Is file alignment on disk guaranteed, or does it depend on the file system?
The NVMe layer is not the same as the POSIX filesystem, there is no reason we need to throw that as part of knocking the POSIX filesystem off it's privileged position.
Overall you are talking about individual files, but remember what really distinguishes the filesystem is directories. Other database, even relational ones, can have binary blob "leaf data" with the properties you speak about.
> Is file alignment on disk guaranteed, or does it depend on the file system?
I think "guaranteed" is too strong a word given the number of filesystems and flags out there, but "largely" you get aligned I/O.
> The NVMe layer is not the same as the POSIX filesystem, there is no reason we need to throw that as part of knocking the POSIX filesystem off it's privileged position.
I'd say that the POSIX filesystem lives in an ecosystem that makes leveraging NVMe layer characteristics a viable option. More along with the next point.
> Overall you are talking about individual files, but remember what really distinguishes the filesystem is directories.
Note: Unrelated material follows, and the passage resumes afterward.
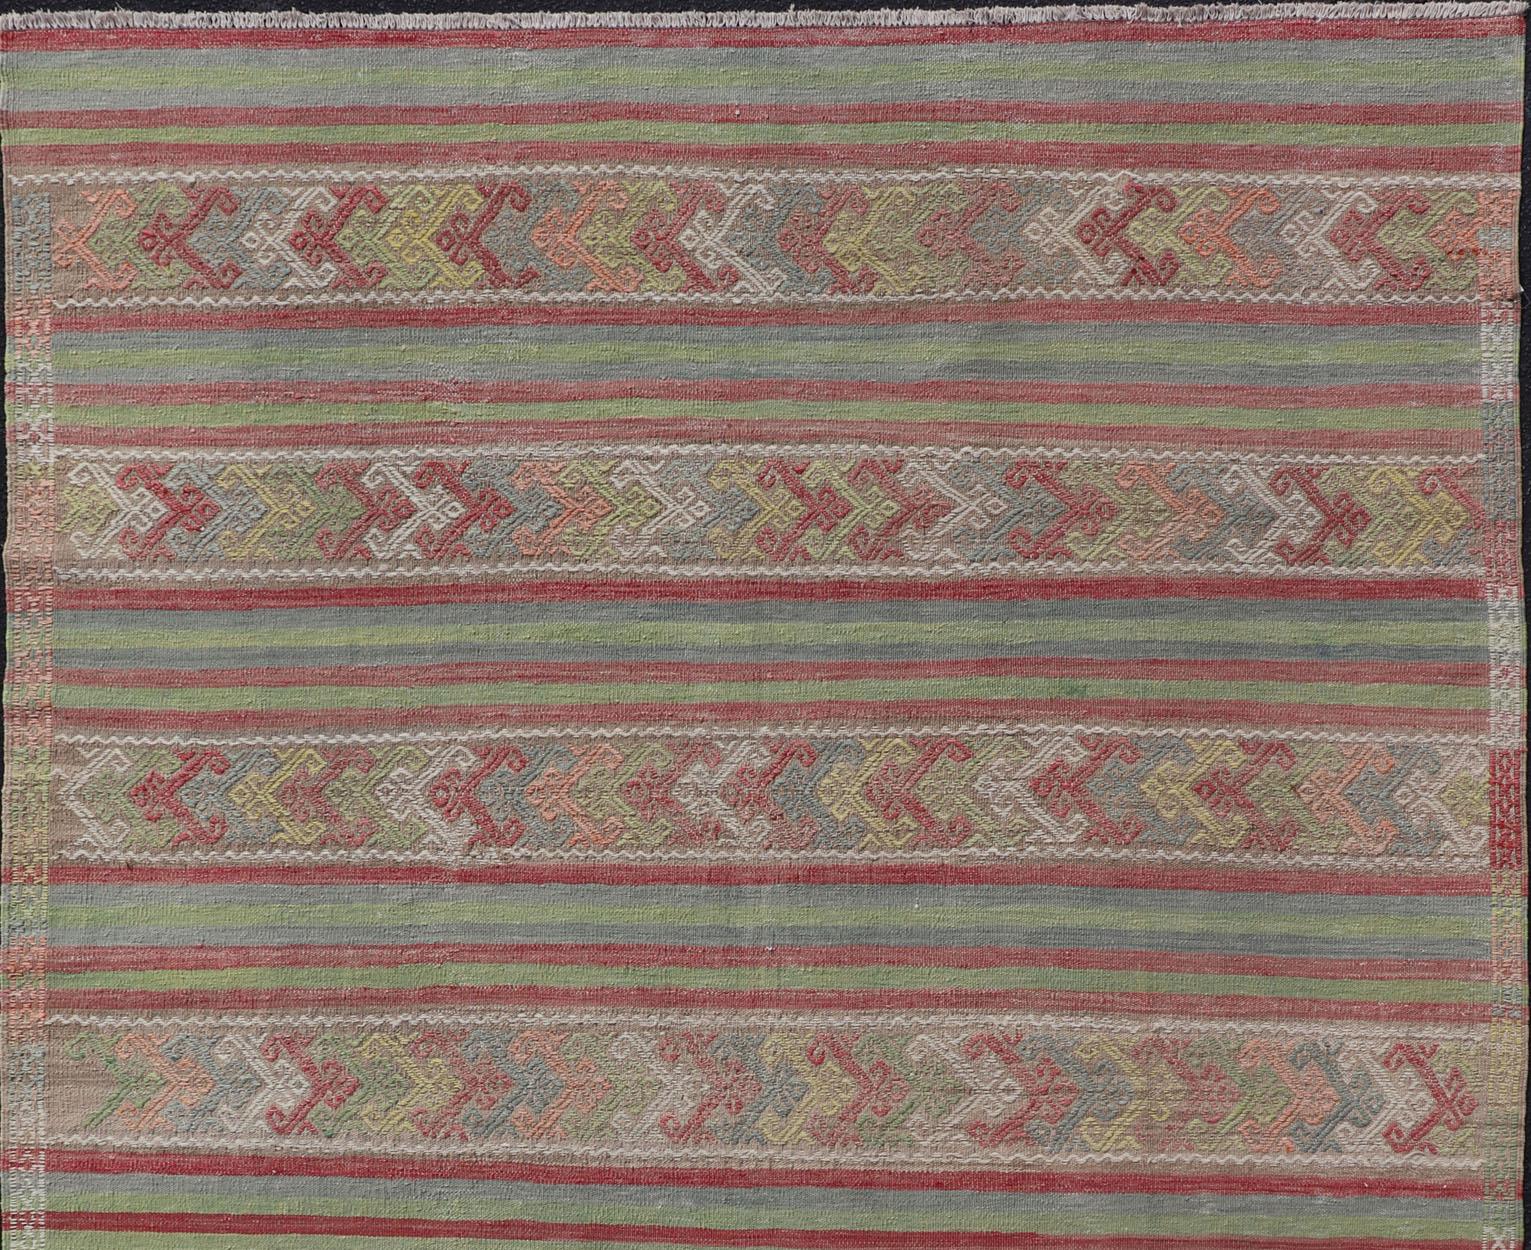 Hand-Woven Colorful Vintage Embroidered Kilim with Stripes and Alternating Geometric Motifs For Sale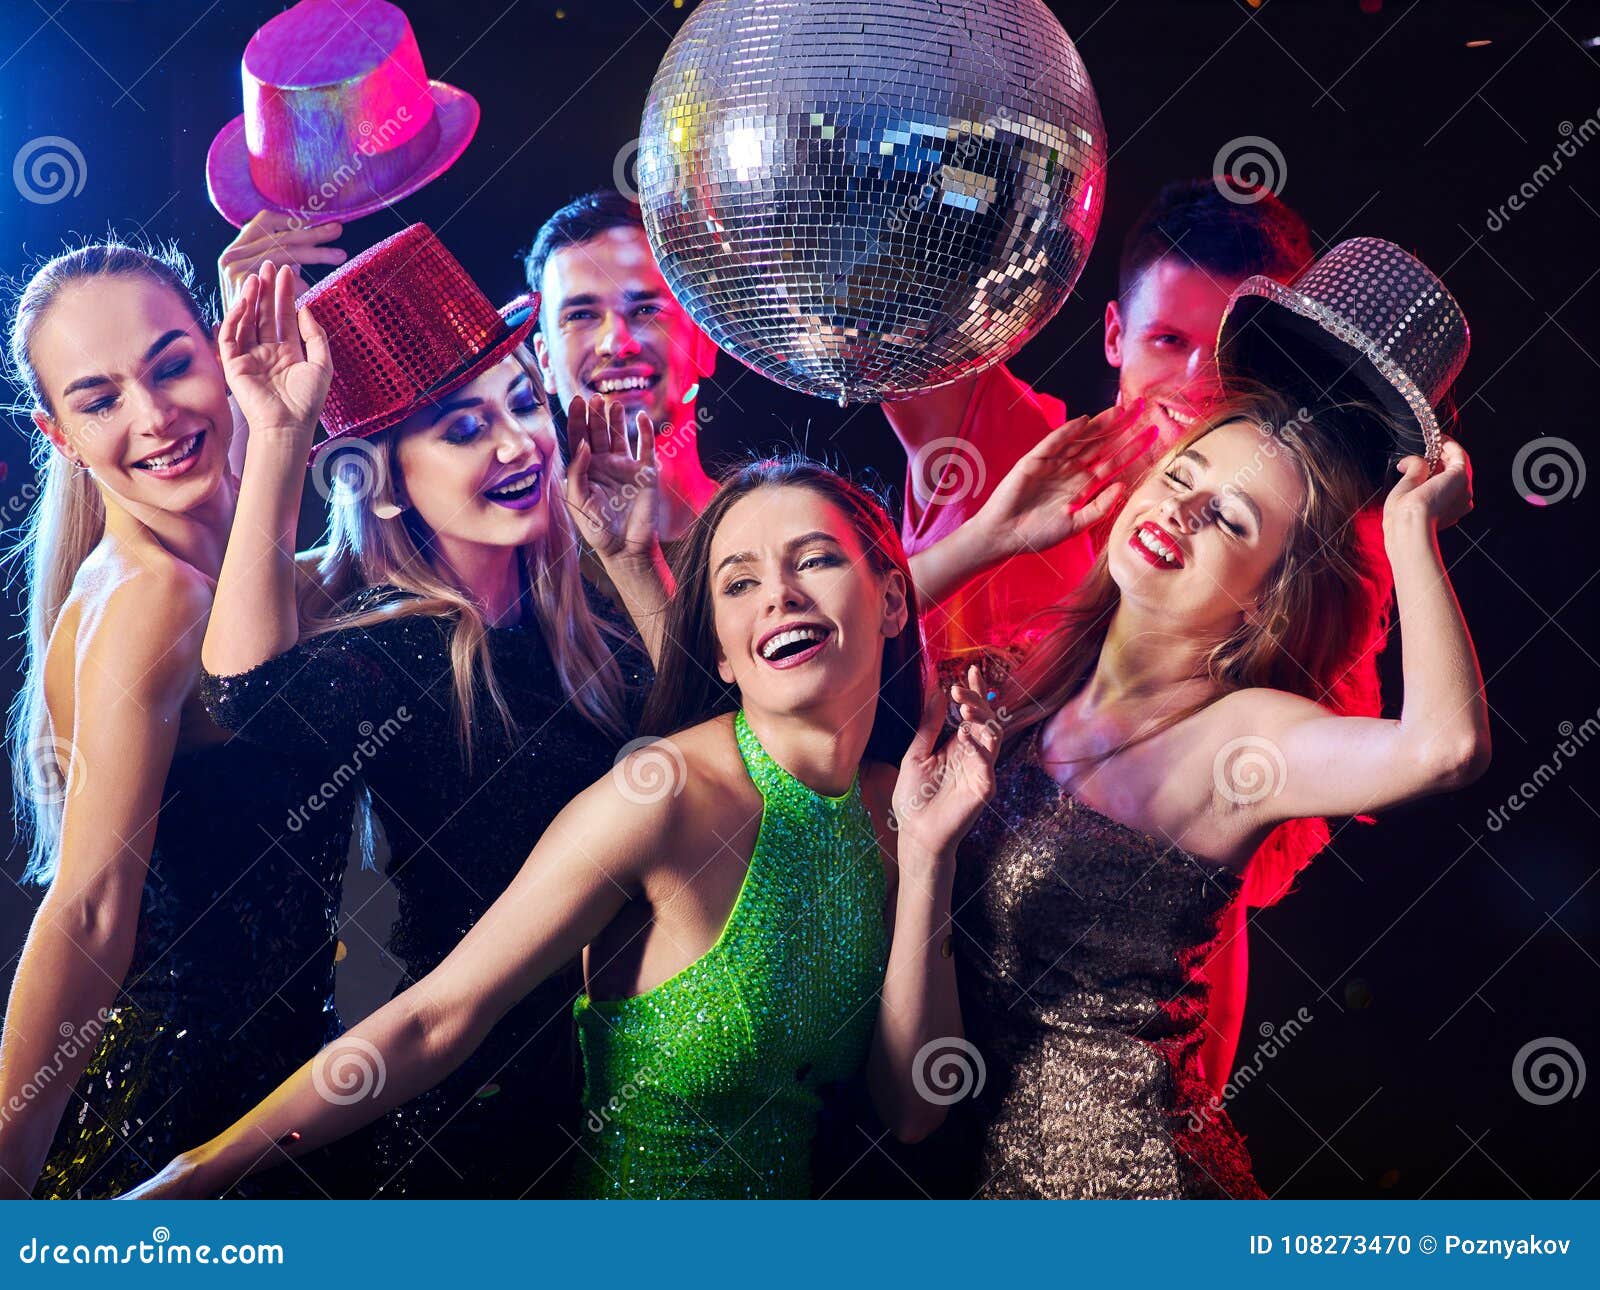 Dance Party With Group People Dancing And Disco Ball. Stock Photo.

Other database, even relational ones, can have binary blob "leaf data" with the properties you speak about.
I think regardless of how you use a database, your interface is declarative. You always say "update this row" vs "fseek to offset 1048496 and fwrite 128 bytes and then fsync the page cache". Something needs to do the translation from "update this row" to the latter, and that layer will always be closer to hardware.